Tribunal Administratif de Lille — Décision N° TA59-2601195

vendredi 20 février 2026

JuridictionTribunal Administratif de Lille
SectionTribunal Administratif de Lille
N° DossierTA59-2601195
TypeOrdonnance
RecoursPlein contentieux

Résumé IA

Le Tribunal Administratif de Lille, statuant en référé sur le fondement de l'article L. 521-3 du code de justice administrative, a rejeté la demande d'une salariée visant à enjoindre à son employeur public de lui communiquer son dossier administratif. Le juge a constaté qu'une décision implicite de refus était intervenue, en application des articles R. 311-12 et suivants du code des relations entre le public et l'administration, et que la mesure sollicitée ferait obstacle à l'exécution de cette décision, sans justification d'un péril grave. Par conséquent, les conditions légales pour prononcer une injonction en référé n'étaient pas réunies.

Texte intégral

Vu la procédure suivante :

Par une requête et un mémoire complémentaire, enregistrés les 4 et 9 février 2026, Mme A... B... demande au juge des référés, statuant par application des dispositions de l’article L. 521-3 du code de justice administrative d’enjoindre au directeur du centre hospitalier de Tourcoing de lui communiquer son dossier administratif comprenant notamment le contrat à durée indéterminée complet et ses éventuels avenants, les plannings, les relevés de temps de travail et compteurs d’heures, le détail des droits RTT, REC et congés compensatoires et les rapports et signalements de harcèlement moral et de discrimination raciales rédigés et signés par la requérante dans un délai de quarante-huit heures à compter de la notification de l’ordonnance à intervenir.
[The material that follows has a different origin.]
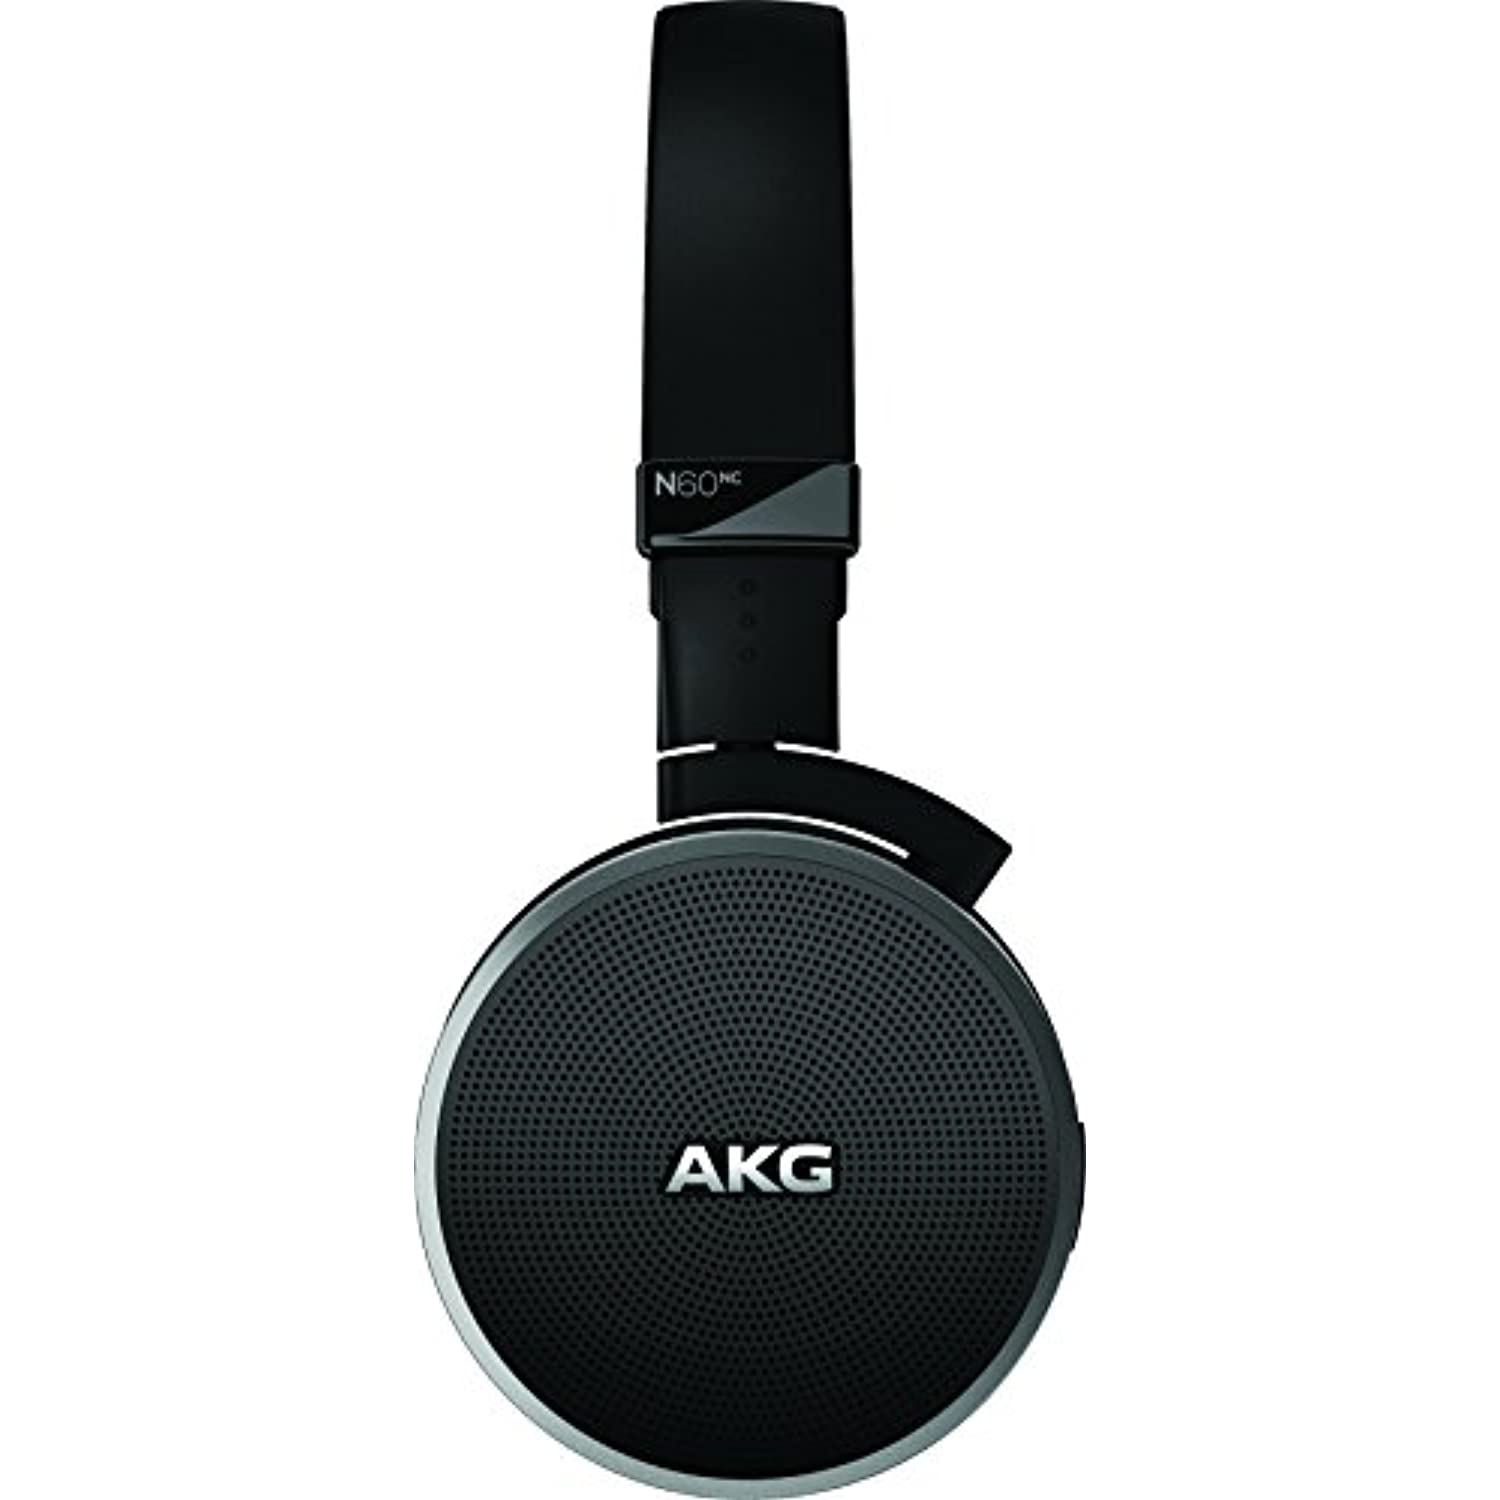 AKG Noise Canceling Headphone Black (N60)

Vu les autres pièces du dossier.

Vu :
- le code des relations entre le public et l’administration ;
- le code de justice administrative.


Le président du tribunal a désigné M. Lassaux, premier conseiller, pour statuer sur les demandes de référé.


Considérant ce qui suit :

1. Aux termes de l’article L. 521-3 du code de justice administrative : « En cas d’urgence et sur simple requête qui sera recevable même en l’absence de décision administrative préalable, le juge des référés peut ordonner toutes autres mesures utiles sans faire obstacle à l’exécution d’aucune décision ».
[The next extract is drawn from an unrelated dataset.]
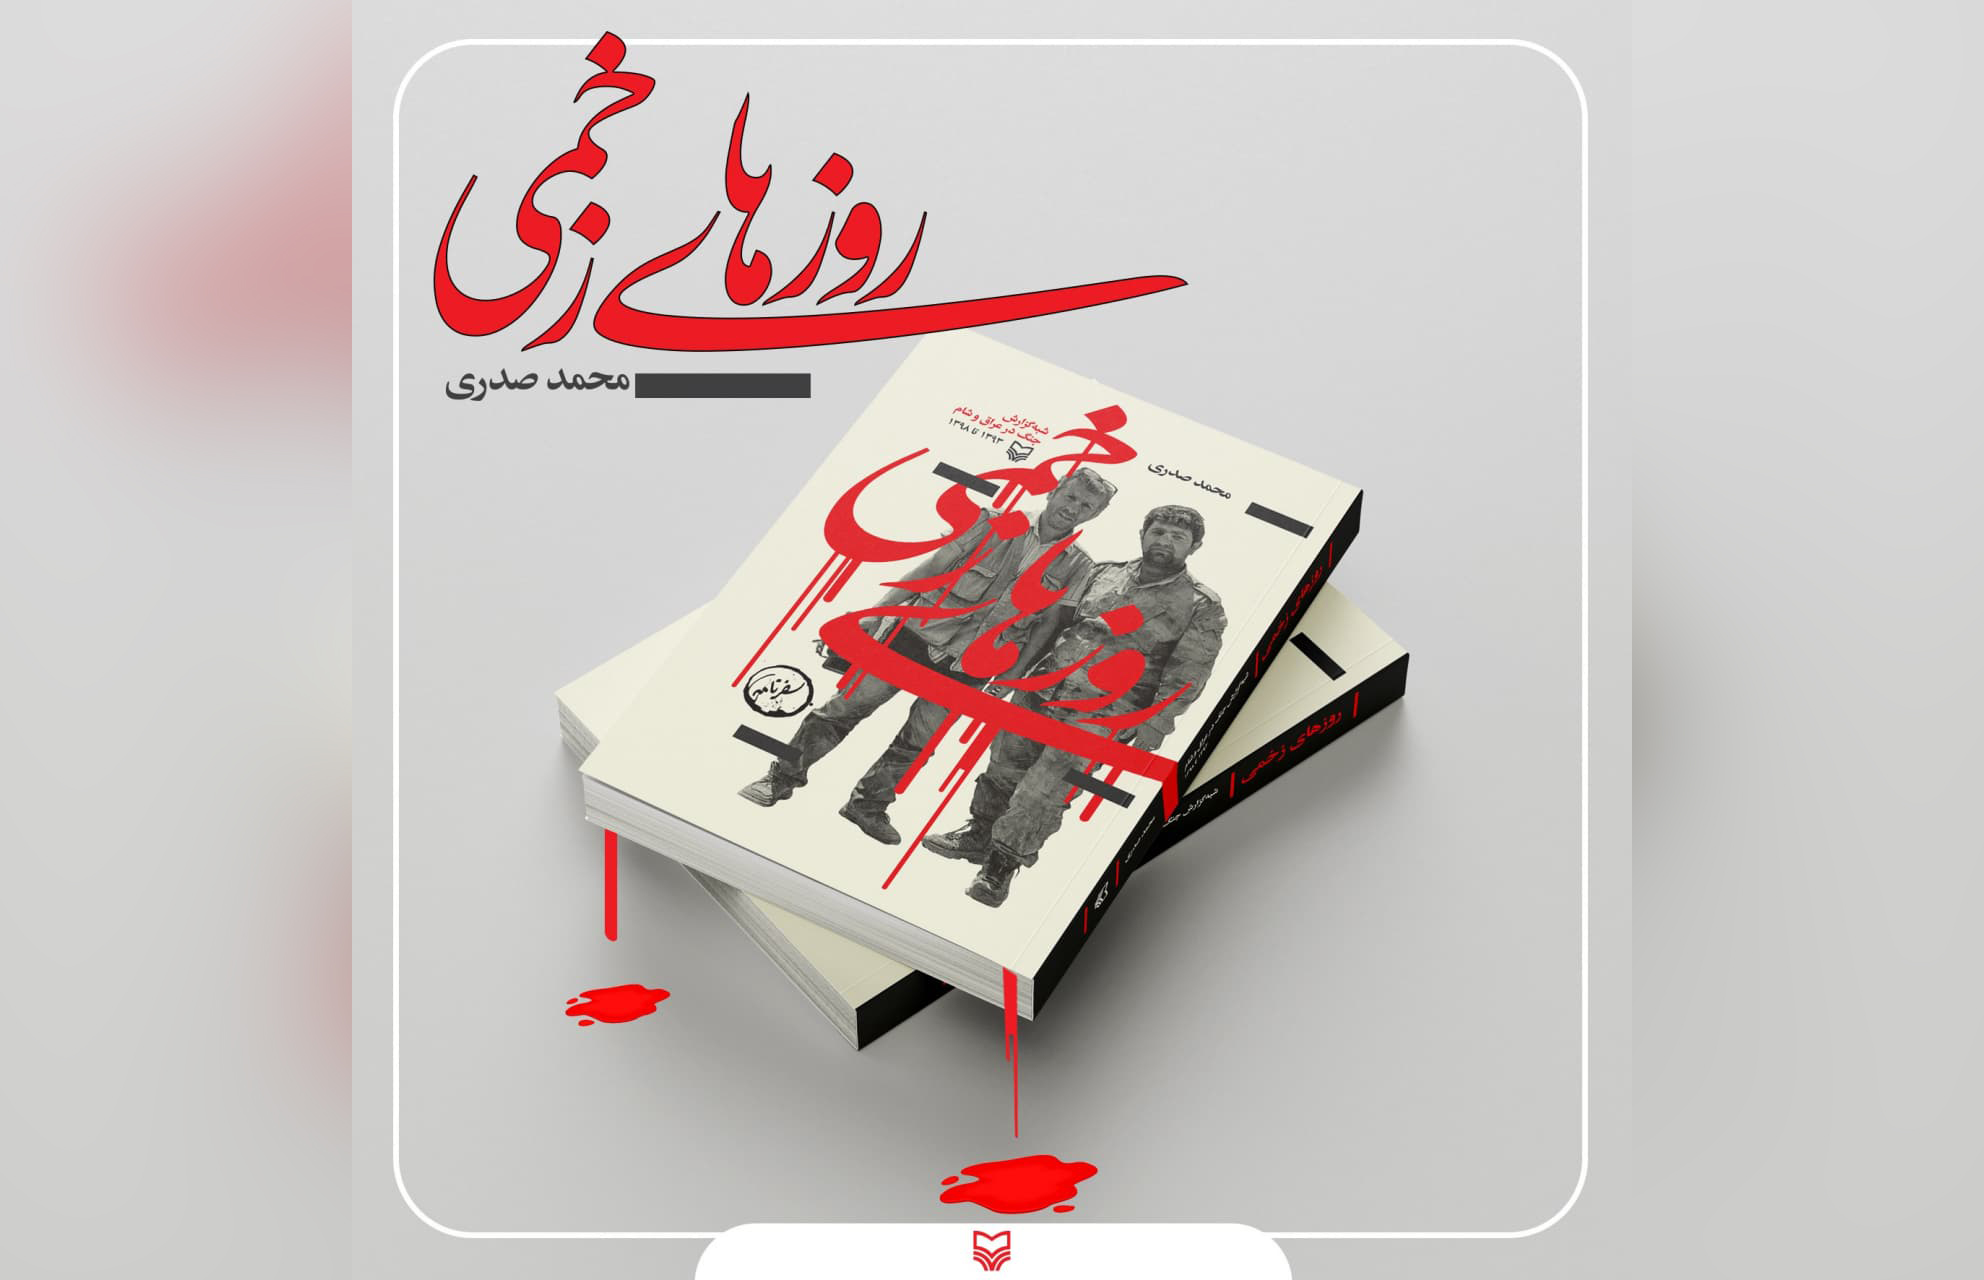 سوره مهر کتاب «روزهای زخمی» به قلم محمد صدری را منتشر کرد

2. Si le juge des référés, saisi sur le fondement de l’article L. 521-3 du code de justice administrative, peut prescrire en cas d’urgence, à des fins conservatoires ou à titre provisoire, toutes mesures autres que celles régies par les articles L. 521-1 et L. 521-2 du même code, notamment sous forme d’injonctions adressées tant à des personnes privées que, le cas échéant, à l’administration, c’est à la condition que ces mesures soient utiles et ne se heurtent à aucune contestation sérieuse, et sous réserve qu’elles ne fassent pas obstacle à l’exécution d’une décision administrative. S’il peut en particulier ordonner, lorsque les conditions posées par l’article L. 521-3 sont réunies, la communication de documents administratifs, sans qu'il soit besoin que le requérant ait au préalable saisi la commission d’accès aux documents administratifs, les pouvoirs qu’il tient de ces dispositions ne peuvent le conduire à faire obstacle à l’exécution d’une décision, explicite ou implicite, par laquelle l’autorité administrative a rejeté la demande qui lui a été présentée. Il en résulte qu’il appartient au juge des référés de rejeter la demande dont il est saisi sur le fondement de l’article L. 521-3 dès lors qu’une telle décision est intervenue, que ce soit antérieurement à l’enregistrement de la demande ou en cours d’instance, à moins qu’il ne s’agisse de prévenir un péril grave.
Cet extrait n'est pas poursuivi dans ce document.